Но раньше, чем трактор приблизился к деревне, у времянки появилась пожилая женщина в платке, в черном плюшевом жакете.
— Степан Иванович, — она взяла молоковоза за локоть, — правда или нет? — Кремер обратил внимание на ее руки: натруженные ладони были похожи на растрескавшиеся венцы олонецкого сруба. — Говорят, Фадея Митрофановича зарезали?

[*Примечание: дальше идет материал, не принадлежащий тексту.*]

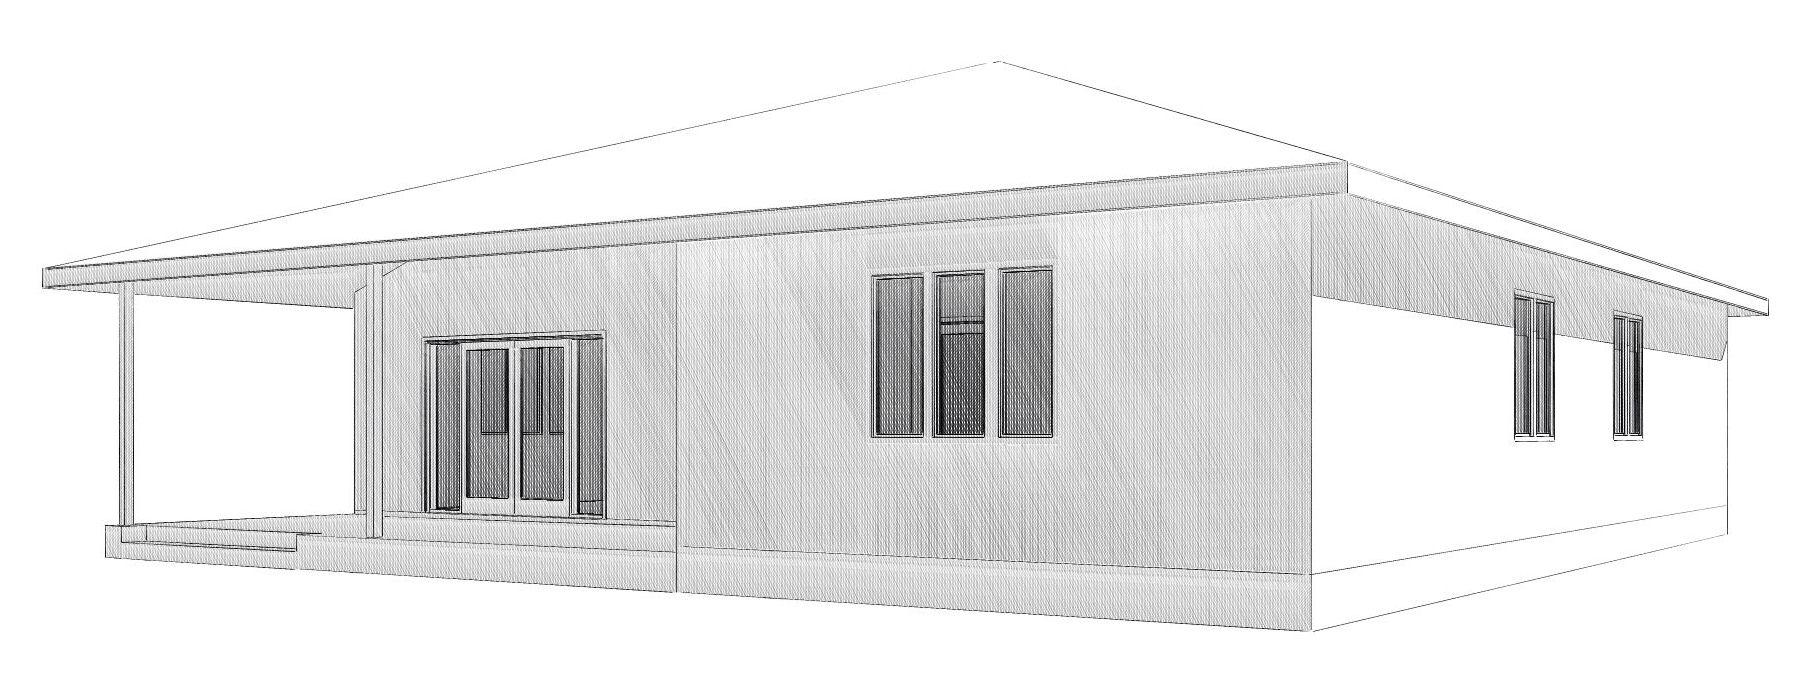 Визуализация задней части одноэтажного дома для всей семьи из СИП-панелей по Канадской технологии, 150 м2

«Как она узнала о случившемся? Загадка».
Степан стоял потупившись.
Кремеру больше не казалось, что на подмостках огромного театра недостаточно действующих лиц. Помимо трех милиционеров с участковым инспектором, которые прибыли на тракторе, появилась большая группа бывших жителей деревни, она пробралась прямиком — через Семкин ручей. Стало известно, что милицию еще ночью вызвал секретарь сельсовета, а тот, в свою очередь, узнал обо всем от завмага из Ухзанги. Того, в силу его положения, ни разу не обошла ни одна новость.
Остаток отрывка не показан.